Rui Amaro Alves encabeça a candidatura do Movimento de Cidadãos Castelo Branco Merece Mais à Câmara Municipal de Castelo Branco e falou ao nosso jornal dos objetivos e dos motivos que o levaram a avançar

 

Por que se candidata à Câmara Municipal de Castelo Branco?

Candidato-me por estar preocupado, como muitos outros albicastrenses, com o rumo que o município está a tomar, designadamente a manifesta falta de atratividade e a forma como a autarquia tem gerido o desenvolvimento do concelho nos últimos anos que teve como consequência a perda, continua e progressiva, e de forma mais acentuada na última década, do estatuto de liderança e de motor do desenvolvimento da região. Não posso ficar indiferente. Não me resigno e não posso baixar os braços e por isso aceitei este desafio. Ao fim de mais de 20 anos a estudar, investigar e a escrever sobre este concelho e esta cidade; a comentar o seu modelo e a sua trajetória de desenvolvimento; a dar ideias, conselhos e opiniões; a fazer sugestões, a criticar construtivamente; a enaltecer os bons projetos e decisões e a alertar para os perigos e desorientações de muitas opções, chegou a altura de fazer parte da solução. É quase uma obrigação, um dever, uma missão a que não podia virar as costas. Castelo Branco precisa de uma nova dinâmica, mais pujante e inovadora e que mobilize os recursos existentes para um novo ciclo de desenvolvimento que garanta mais competitividade, mais inclusão e mais focado no que é mesmo importante: as pessoas.

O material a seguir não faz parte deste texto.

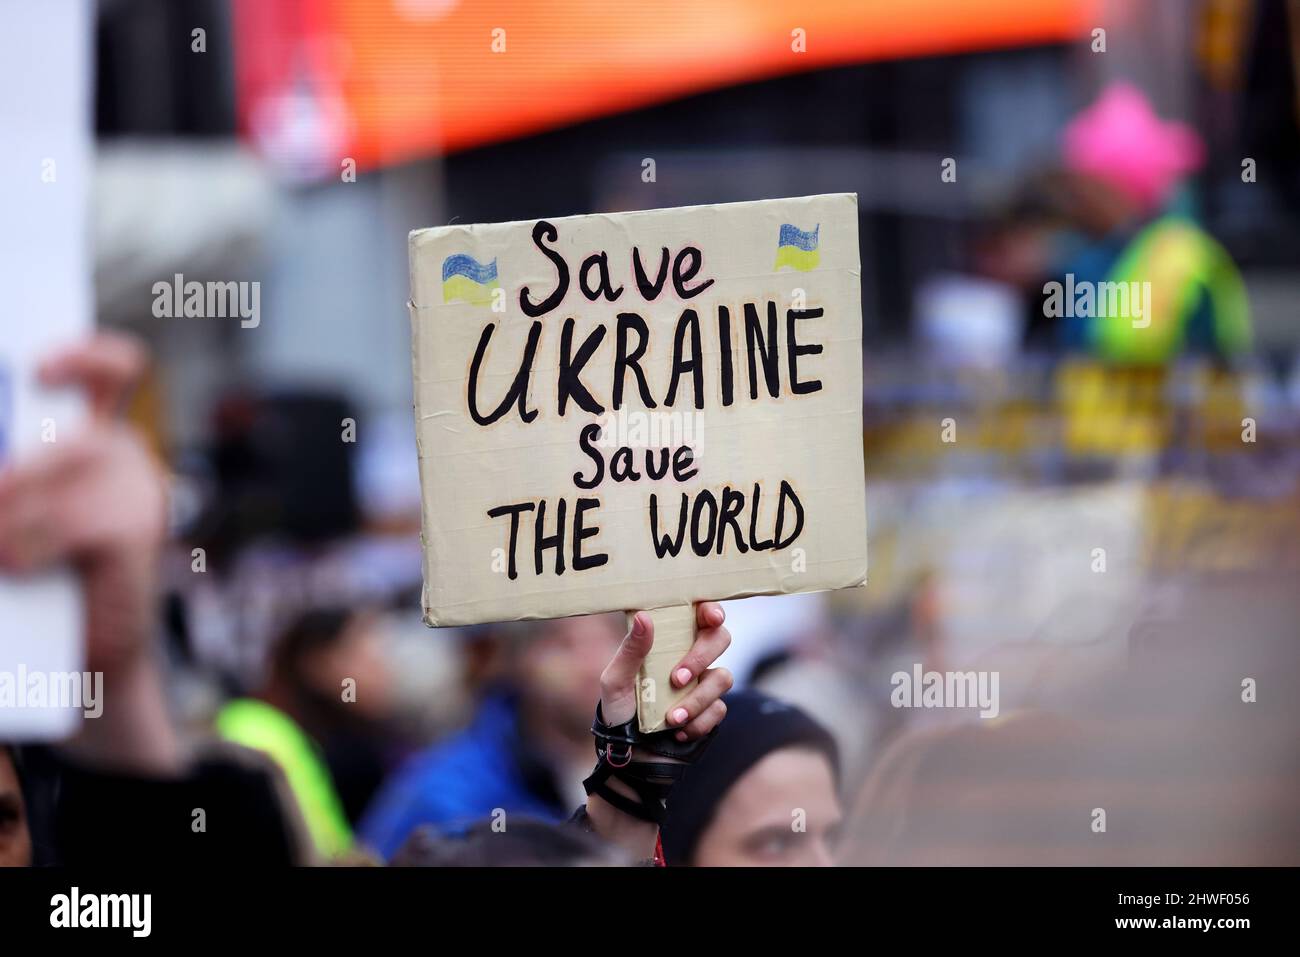 New York, USA. New York City, New York, Unites States: Demonstrators protesting Russia's invasion of, Ukraine. 5th Mar, 2022. at a rally in New York City's Times Square this afternoon. Credit: Adam Stoltman/Alamy Live News Stock Photo

Quais os pilares da candidatura?

As nossas propostas assentam em 7 pilares: as pessoas e as questões sociais; a competitividade territorial; o cluster do turismo/recreio e lazer (temos de mobilizar todos os recursos turísticos e potenciar os valores naturais que o concelho tem e dispõe e em articulação com os concelhos da região, criar novas dinâmicas de desenvolvimento onde Castelo Branco terá de ser o líder turístico da região); a sustentabilidade, o ambiente e as alterações climáticas (onde os recursos hídricos e a água assumem papel central, em conjunto com a floresta, como atividade económica, mas também a sua preservação e a prevenção e combate aos incêndios); a aposta na cultura e na criatividade (por um lado, desenvolver em Castelo Branco, uma “Escola de Artes e Cultura”, juntar tradições à inovação e à criatividade, em conjunto com a ESART, o Conservatório Regional, o Museu dos Bordados e outras instituições e empresas); o urbanismo sustentável (queremos reforçar a centralidade do centro da cidade de forma que a regeneração do seu centro histórico seja uma realidade); e um pilar transversal, que diz respeito às cidades inteligentes (smart cities) e à digitalização da cidade e à eficiência na autarquia, nas empresas e outras instituições, mas também no exercício da cidadania e no acesso aos serviços públicos.

Como analisa os últimos quatro anos do concelho?

Nem tudo é negativo. Houve obras e projetos cujo mérito deve ser reconhecido. Mas, no geral, entre o que devia ser feito, aquilo que era possível fazer e o que foi efetivamente feito, há uma grande diferença pela negativa. Entrámos num estado anémico do desenvolvimento do concelho e da região polarizada diretamente pela cidade de Castelo Branco. A marcar passo e em algumas situações até regredimos. A câmara municipal entrou e circulou demasiadas vezes em contramão no caminho e no sentido do desenvolvimento e da sustentabilidade. O que não é aceitável. Tivemos cada vez mais dinheiro no orçamento municipal e nos fundos comunitários, mas tivemos sempre cada vez menos população.